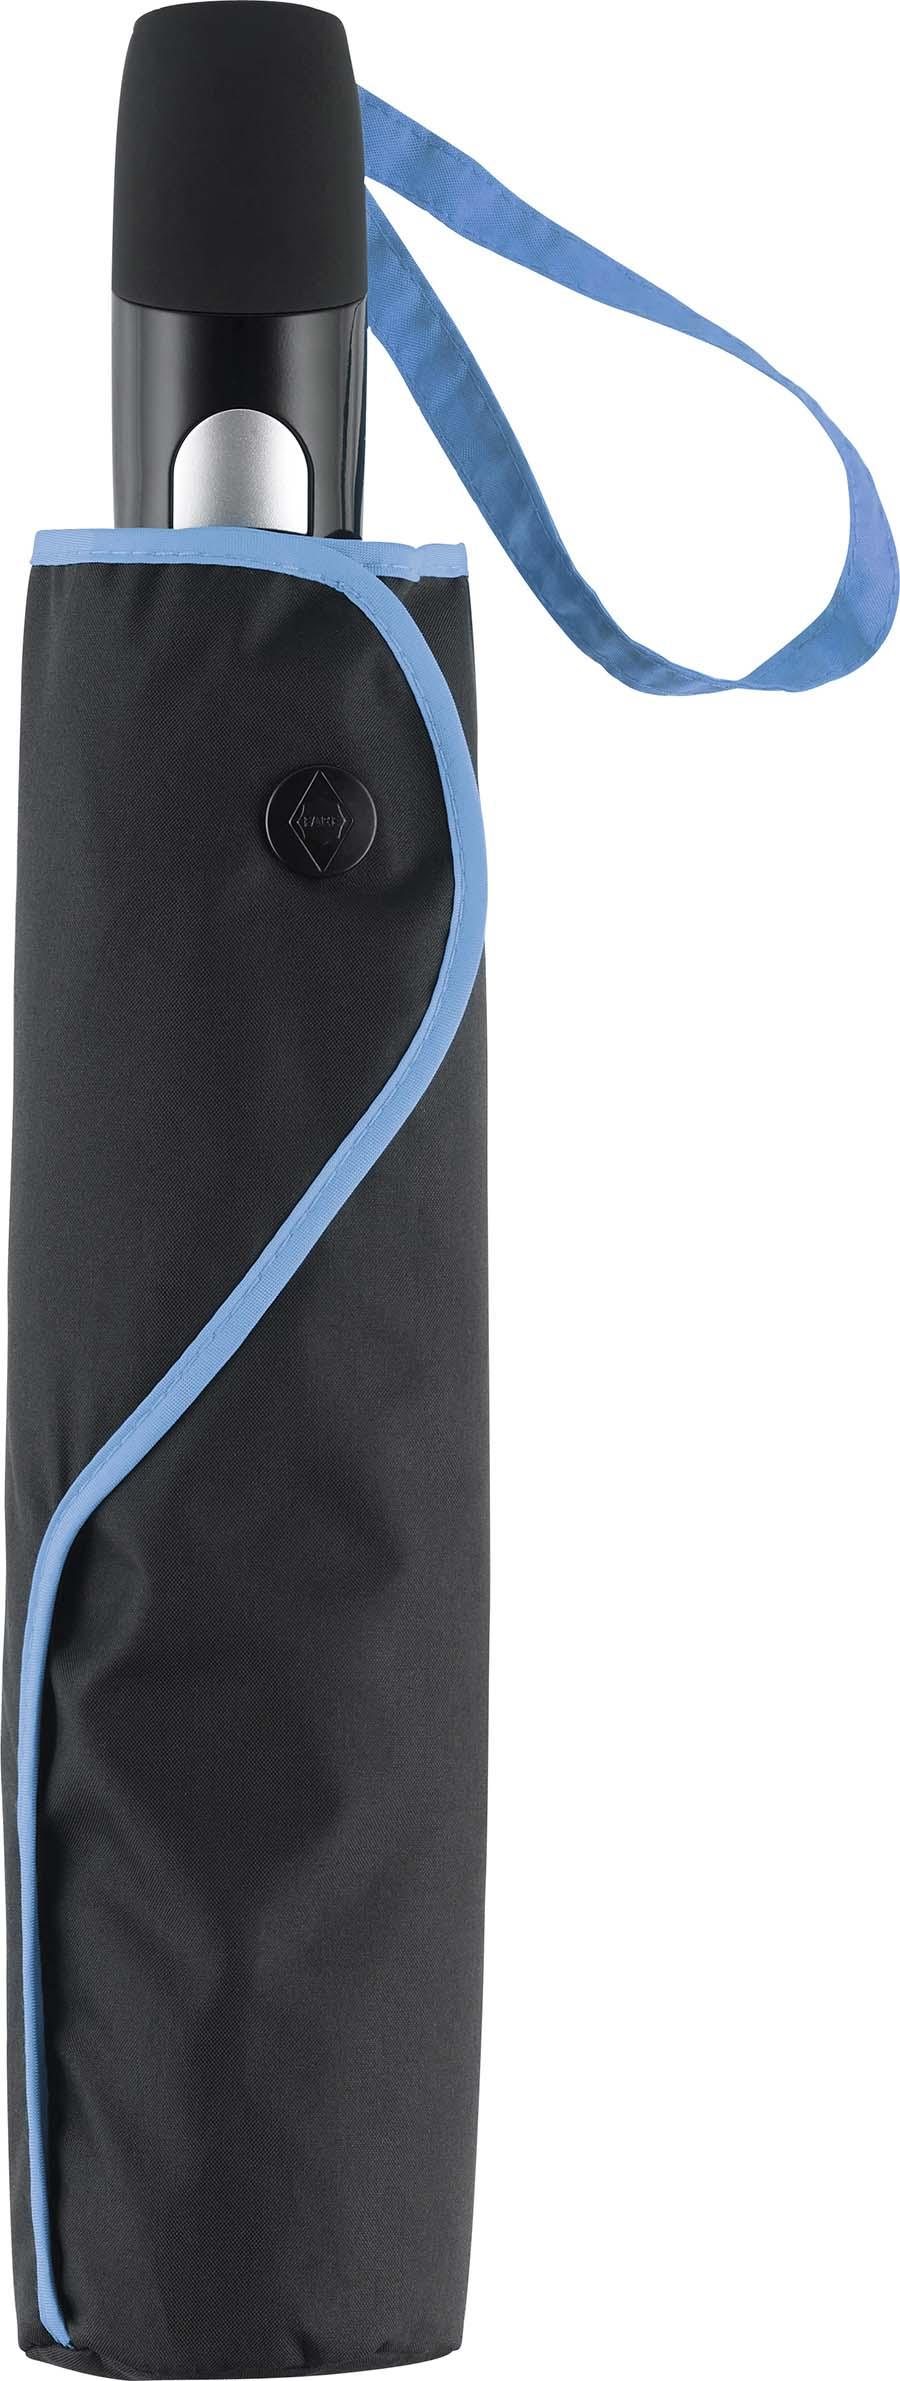 Parapluie de poche - 20-1485-1
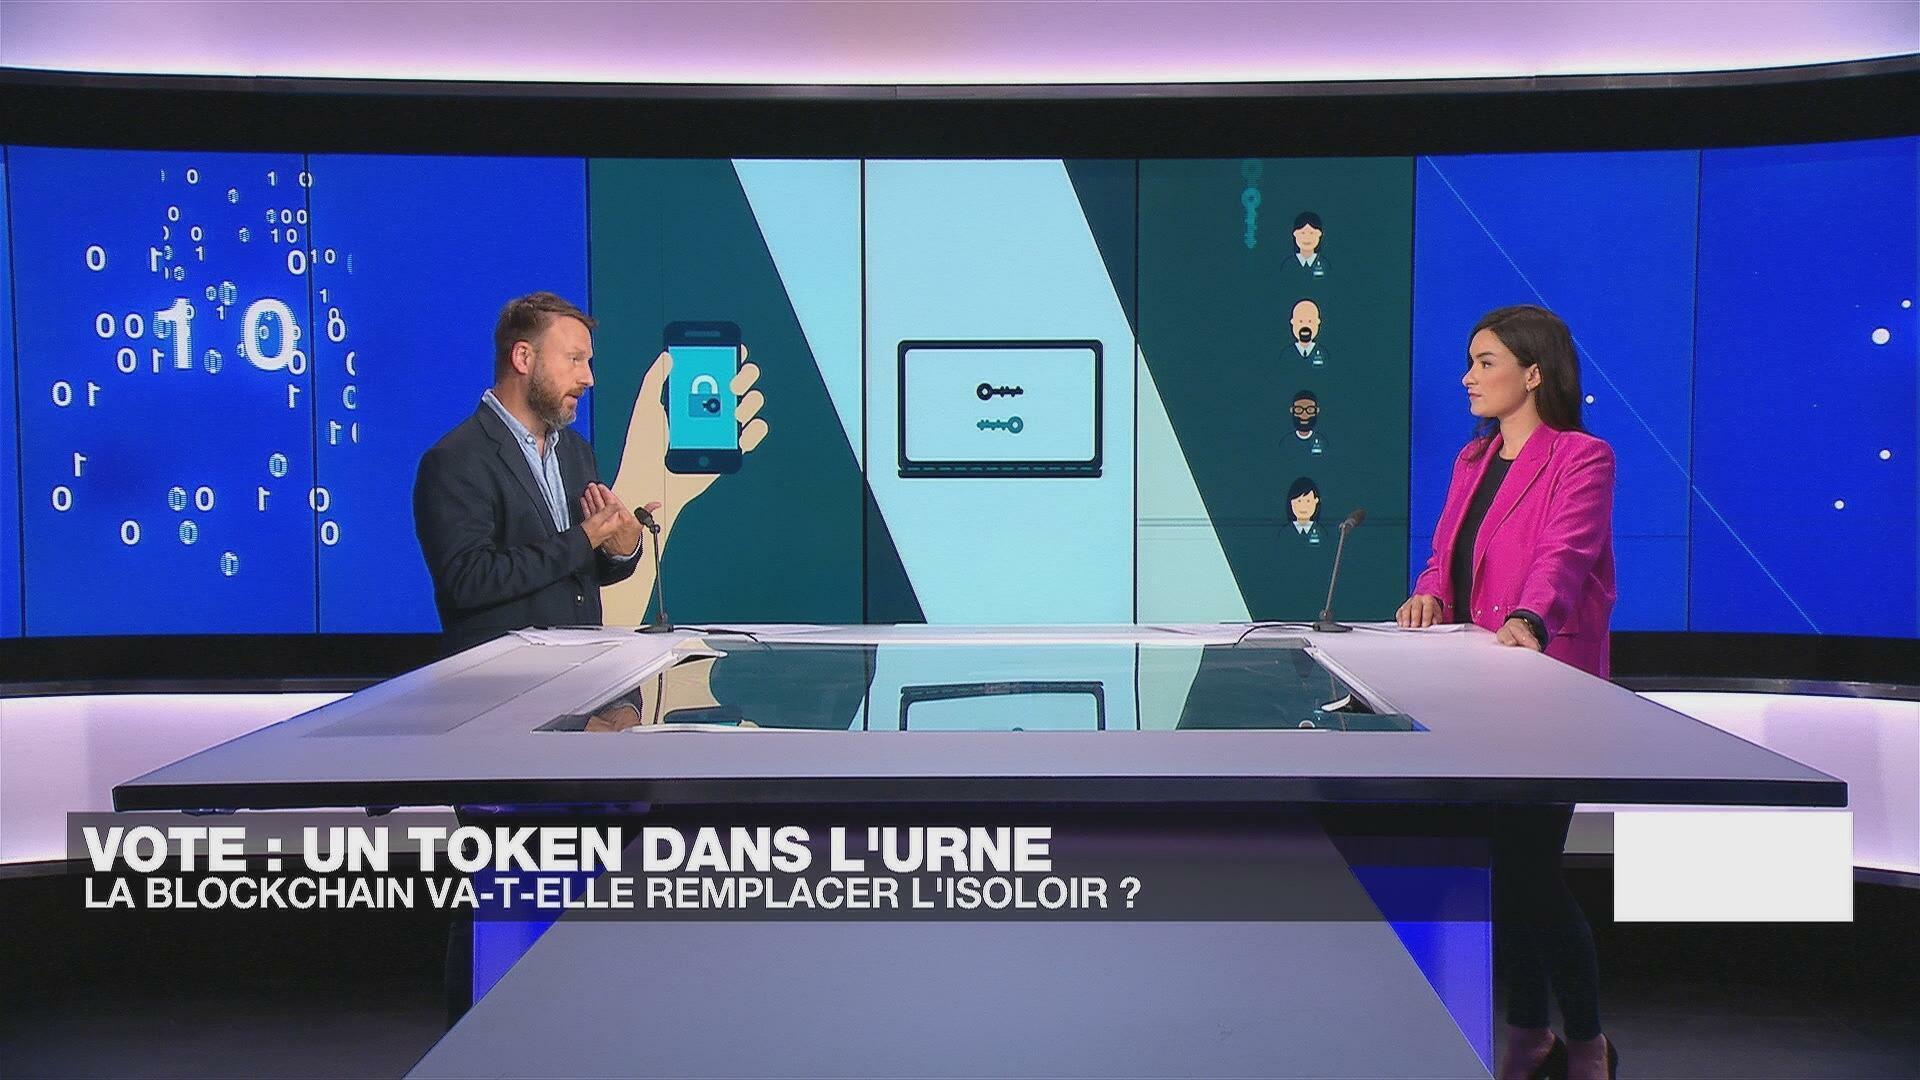 La tech face à l'abstention : la blockchain va-t-elle remplacer l'isoloir ?
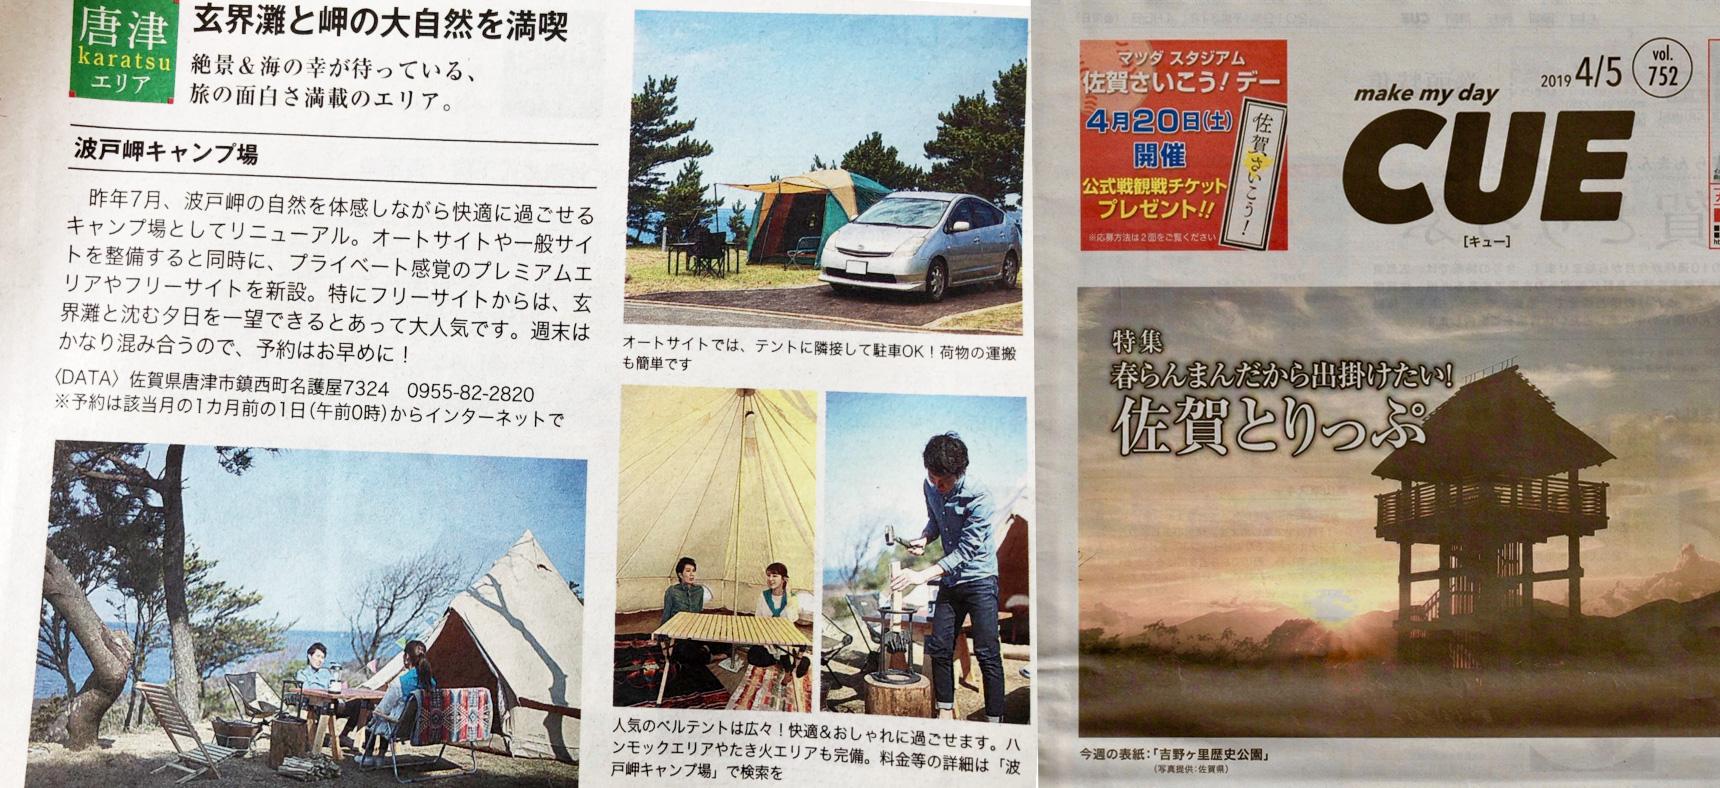 8ef072a5adf 中国新聞社さん発行、広島を中心として配られているフリーペーパー「CUE」にて、 佐賀特集という事で波戸岬キャンプ場を取り上げていただきました。
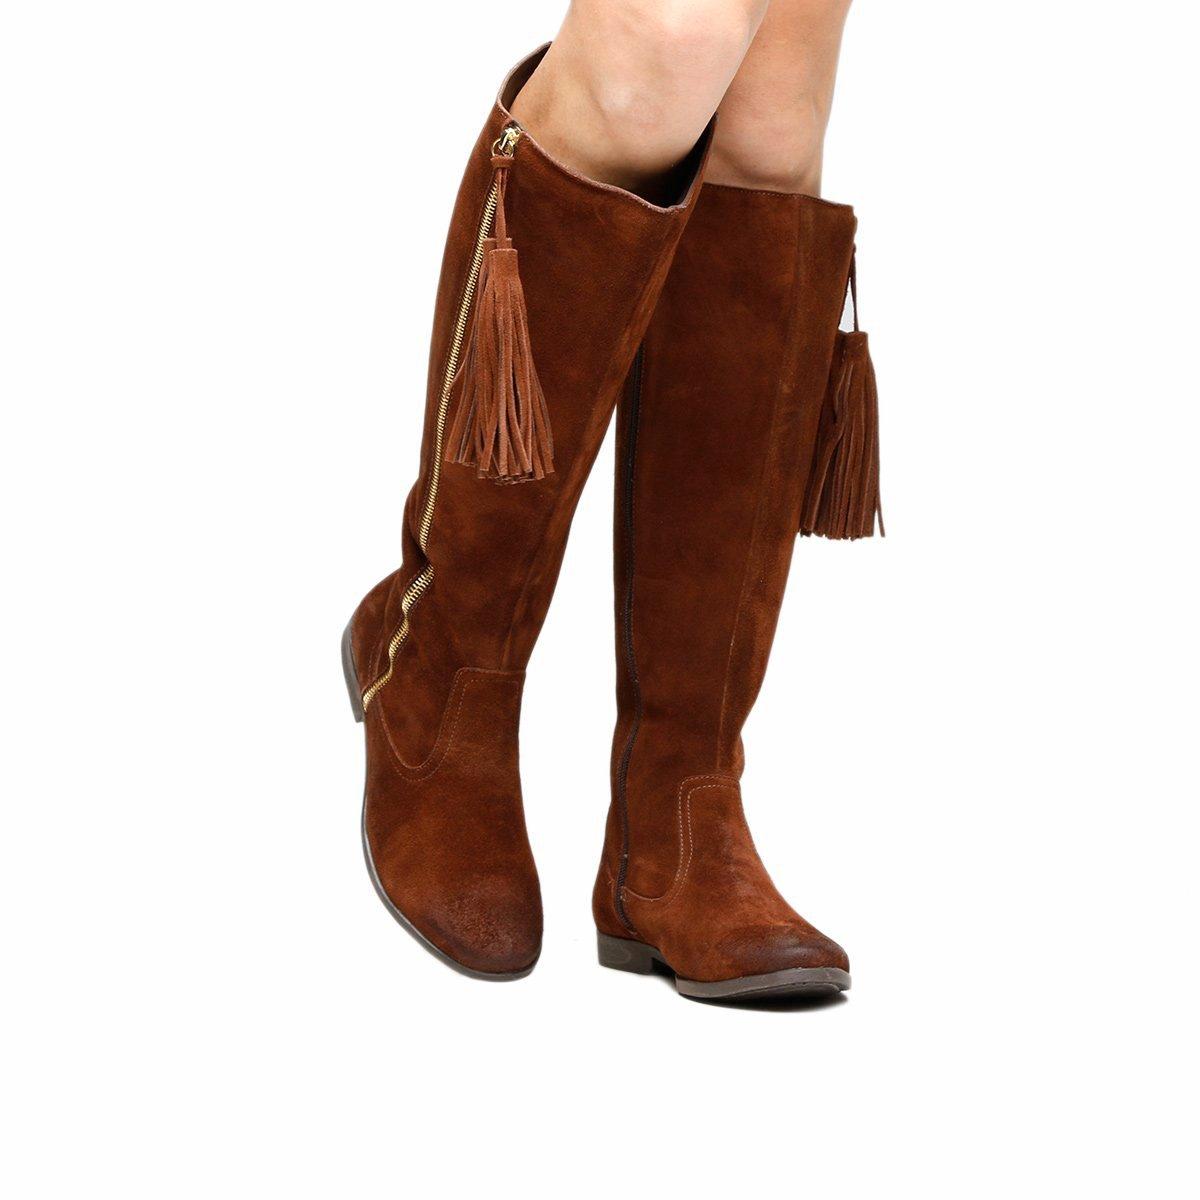 4b5e6f2022 Bota Couro Over the Knee Shoestock Barbicacho Feminino - Marrom - Compre  Agora

= = = =

▶ Your goal
Reproduce the data word for word without its images.

▶ Solution for this task
 Parapluie de poche - 20-1485-1
 La tech face à l'abstention : la blockchain va-t-elle remplacer l'isoloir ?
 8ef072a5adf 中国新聞社さん発行、広島を中心として配られているフリーペーパー「CUE」にて、 佐賀特集という事で波戸岬キャンプ場を取り上げていただきました。
 4b5e6f2022 Bota Couro Over the Knee Shoestock Barbicacho Feminino - Marrom - Compre  Agora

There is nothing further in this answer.